Let $r = \dfrac{1}{3}$

$n = 1, r^n = r^1 = \left(\dfrac{1}{3}\right)^1 = \dfrac{1}{3} \\ n = 1, r^n = r^2 = \left(\dfrac{1}{3}\right)^2 = \dfrac{1}{3} \times \dfrac{1}{3} = \dfrac{1}{9} < \dfrac{1}{3} \\ n = 1, r^n = r^3 = \left(\dfrac{1}{3}\right)^3 = \dfrac{1}{3} \times \dfrac{1}{3} \times \dfrac{1}{3} = \dfrac{1}{27} < \dfrac{1}{9} $

As $r$ is in the range of $- 1 < r < 1$, we can observe that $r^n$ gets closer to $0$ as $n$ gets larger. Hence $(1 - r^n)$ gets closer to $1$.
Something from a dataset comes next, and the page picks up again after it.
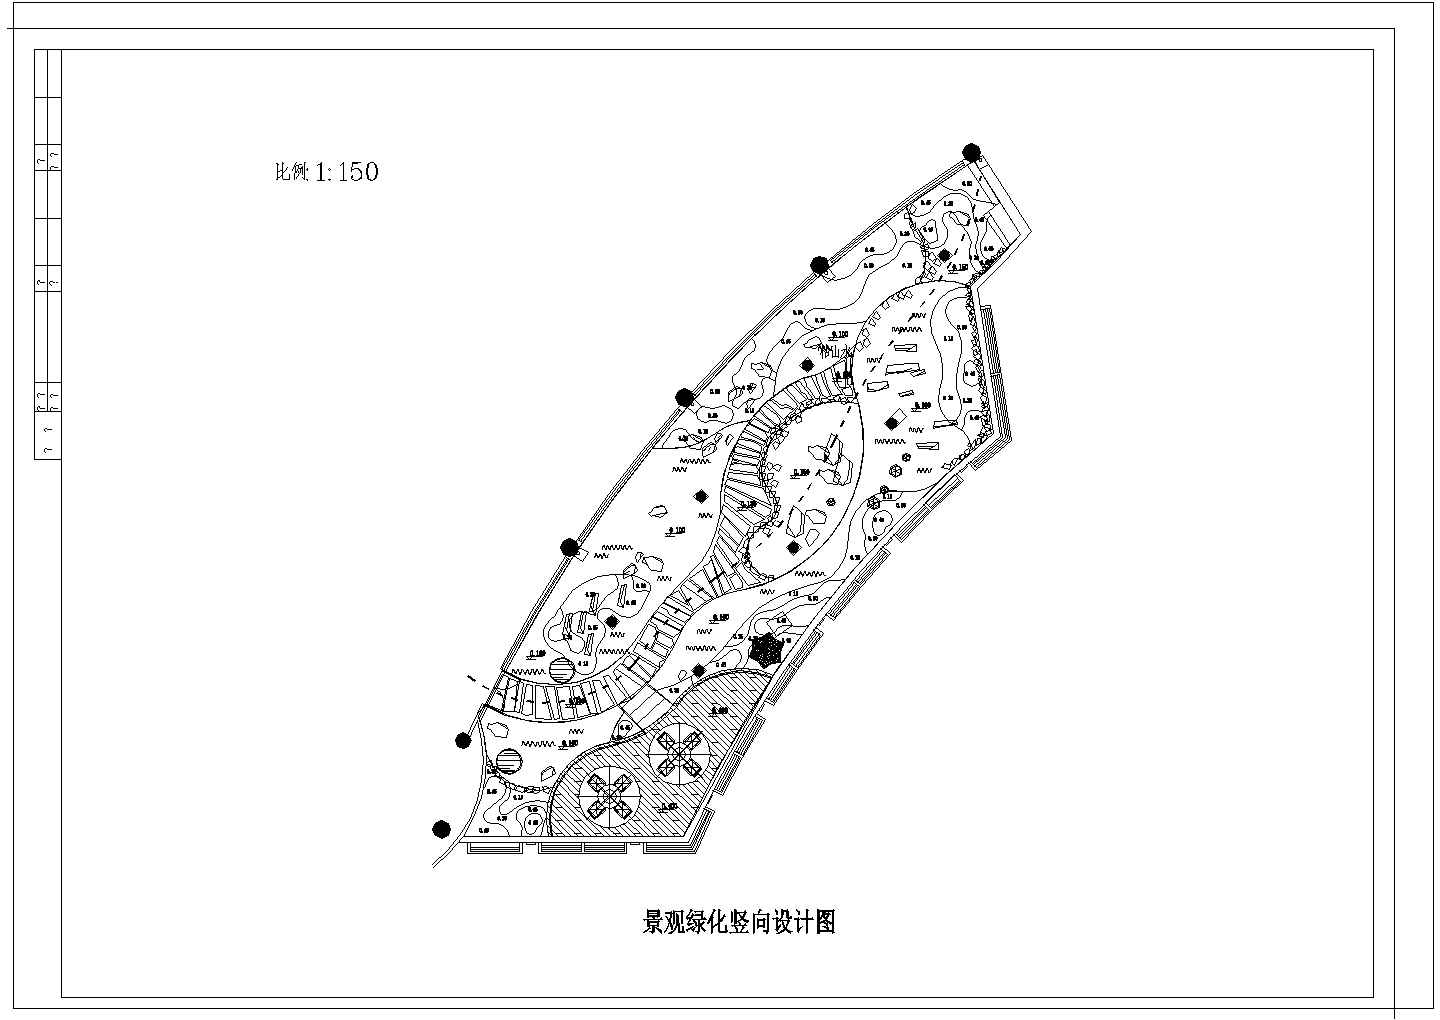 上海某会所屋顶景观绿化平面图 方格网定位图 景观绿化竖向设计图 灯光及给水平面布置图 2剖面 苗木表 设计说明 屋顶承重预算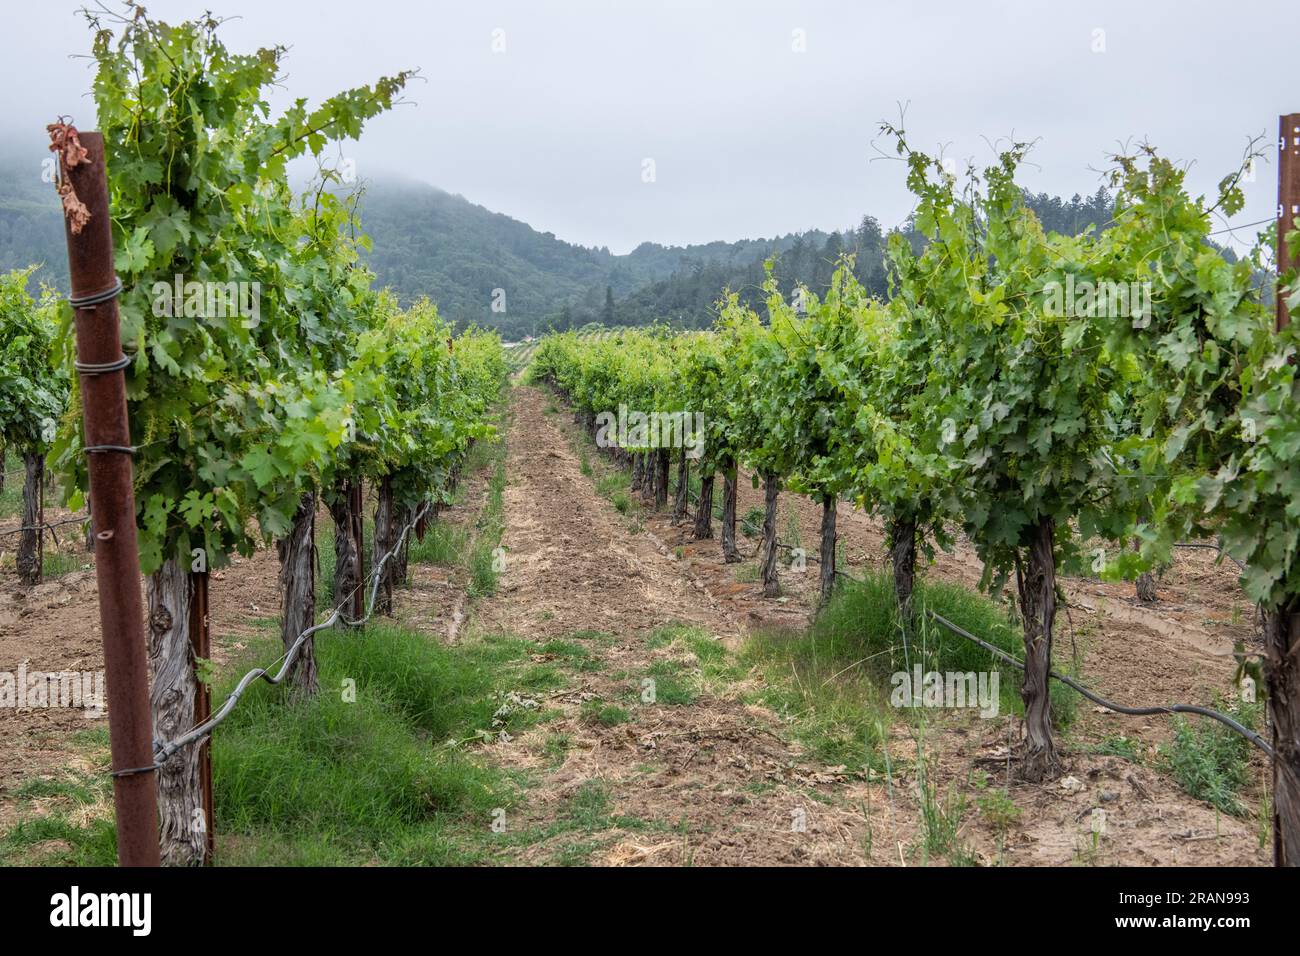 Vigneto e uva destinati alla produzione di vino nella contea di Sonoma, California. Un importante centro per la viticoltura in Nord America. Foto Stock

Therefore, $S_n = \dfrac{a( 1 - r^n)}{1 - r}$ 

If $- 1 < r < 1$, then $r^n \to 0$ as $n \to \infty$

Therefore ,  $S_{\infty} = \dfrac{a( 1 - 0)}{1 - r} = \dfrac{a}{1 - r}$

The sum of an infinite geometric series formula is given as :

$S_{\infty} = \sum_{i = 1}^{\infty} ar^{i-1} = \dfrac{a}{1 - r} = (- 1 < r < 1)$

Geometric Progression

A geometric progression, also known as the geometric sequence is a sequence of numbers in each term after the first term is calculated by multiplying the previous term by a fixed non-zero number known as the common ratio $r$. 

For example, the sequence $3, 6, 12, 24$ is a geometric progression with a common ratio $2$.

Sum of Infinite GP

The infinite GP sum whose first term is a and common ratio $r$ $(-1 < r < 1,\text{ i.e. }|r|)$ is given as 

$S_{\infty} = \dfrac{a}{1 -r}$ 

Proof

Let us consider the infinite geometric progression with first term $a$ and common ratio $r$, where $(-1 < r < 1,\text{ i.e. }|r|< 1)$. Hence, the sum of infinite terms in GP, in this case, is given as:

$S_{\infty} = \dfrac{a( 1 - r^n)}{1 - r} = \dfrac{a}{1 - r}  - \dfrac{ar^n}{1 -r} …………(1)$

As $-1 < r < 1$, therefore $r^n$ decreases as the value of $n$ increases and $r^n$ approaches to $0$ as $n$ approaches to infinity i.e. $r^n \to 0$ as $n \to \infty$.

Hence, 

$\dfrac{ar^n}{1 -r} \to 0$ as $n \to \infty$.

Hence from equation $(1)$, the formula for the infinite GP sum is given as :

$S = \lim_{x \to 0} S_n = \lim_{x \to \infty}\left(\dfrac{a}{1 - r}  - \dfrac{ar^2}{1 - r}\right) = \dfrac{a}{1 -r}$ if $|r| < 1$

Note: If $r > 1$, the sum of an infinite GP tends to infinity.

The sum of a geometric series formula can also be used to convert a decimal to a fraction.

$0.6666… = \dfrac{a}{1 - r}$

$=\dfrac{\dfrac{6}{10}}{1-\dfrac{1}{10}}\\ = \dfrac{\dfrac{6}{10}}{\dfrac{9}{10}} \\ = \dfrac{6}{10} \times \dfrac{10}{9} \\ = \dfrac{6}{9} \\ = \dfrac{2}{3}$

Solved Example

1. Find the Sum to Infinity of GP $ -\dfrac{5}{4}, \dfrac{5}{16}, - \dfrac{5}{64}, - \dfrac{5}{256}$

Solution:

The given geometric progression is $ -\dfrac{5}{4}, \dfrac{5}{16}, - \dfrac{5}{64}, - \dfrac{5}{256} …$ Here, the first term is $- \dfrac{5}{4}$ and the common ratio is $ -\dfrac{1}{4}$. Also $|r| < 1$.

Hence, the sum to infinity of GP is calculated as:

$S_\infty = \dfrac{a}{1 -r}  = \dfrac{\dfrac{5}{4}}{1 - \left(-\dfrac{1}{4}\right)} = -1$

2. Given the Geometric Series $18 + 6 + 2$. Find the Sum to Infinity if it Exists.

Solution:

Step 1:

Find the value of the common ratio $(r)$

We need to find the value of $r$ to determine whether the given series converges or diverges.

$\dfrac{a_1}{a_2} = \dfrac{6}{18} = \dfrac{1}{3} \\ \dfrac{a_3}{a_2} = \dfrac{2}{6} = \dfrac{1}{3}$

As $-1 < r < -1$, we can say the given series is a convergent geometric series.

Step 2:

Find the sum to infinity of geometric series

$a = 18, r = \dfrac{1}{3}$

Using the formula:

$S_\infty = \dfrac{a}{1 -r}$ 

$S_\infty = \dfrac{18}{1 - \dfrac{1}{3}} \\ S_\infty = \dfrac{18}{\dfrac{2}{3}} \\ S_\infty = 18 \times \dfrac{3}{2} = 27$

As n approaches infinity, the sum of the series approaches $27$. The value of $n$ will never be greater than $0$, regardless of the number of terms added together.